Hi, I have a problem with an unexplained problem, results in the array on the edges are broken (prints 0). Im not sure whats wrong. Variable ‘a’ is a array filled 0-1 from the host. In the program are a lot of time steps and the kernel is executed many times.
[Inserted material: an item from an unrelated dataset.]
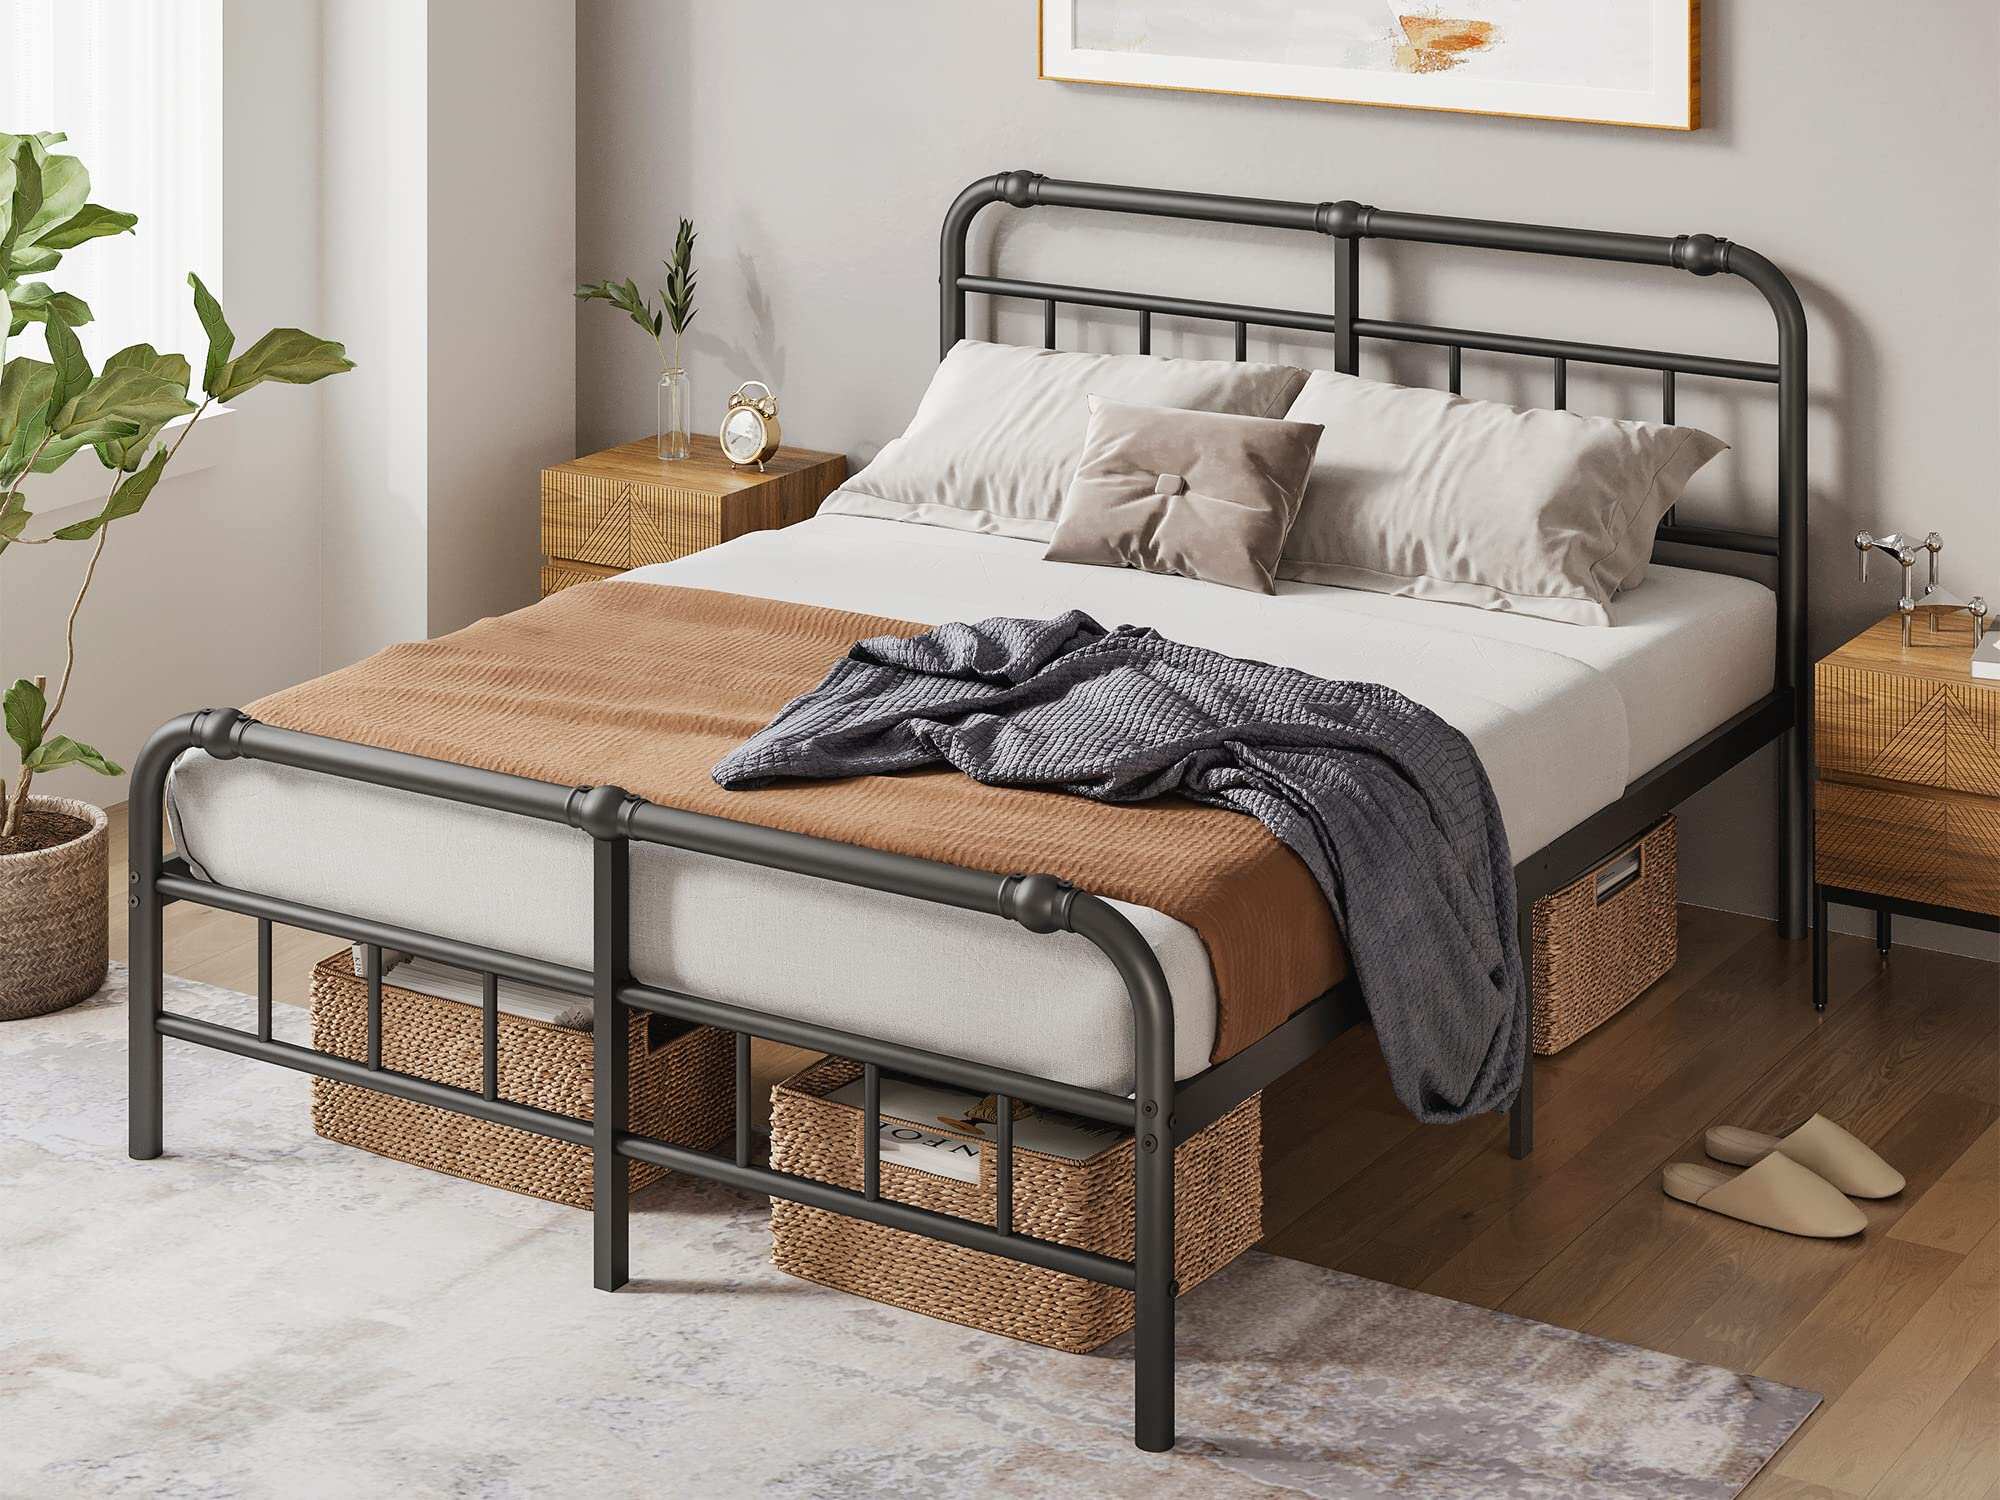 What Type Of Mattress Is Best For An Adjustable Bed

Somebody can explain what is maybe wrong in kernel function?
My array
|--------|
| i | n | *2
|--------|
| n | *2 + 1
__global__ void GPU_CalculateTemp(float *a, float *b) {
int i = blockIdx.x * blockDim.x + threadIdx.x;
//Patterns
//Main loop
if ((i > 0) && (i < N )) {
//Collision
float fl = a[i * 2];
float fr = a[i * 2 + 1];
float rho = fl + fr;
float feq = 0.5 * rho;
//Streaming on the left and right from i
b[(i - 1) * 2] = omega * feq + (1 - omega) * fl;
b[(i + 1) * 2 + 1] = omega * feq + (1 - omega) * fr;
}
}
Kernel
void compute(int rank, float **device_a, float **device_b) {
int threadsperblock = N; // static size #define N 100
int blockspergrid = 1;
size_t size = N*sizeof(float);
calculateTemp<<<blockspergrid,threadsperblock>>>(*device_a, *device_b);
cudaMemcpy(*device_a, *device_b, size, cudaMemcpyDeviceToDevice); //after this device_a is copied to host array and print
}
My left side array, second and third positions are 0:
0.05 0.00 0.10 0.00 0.25 0.11 0.23 0.14 0.37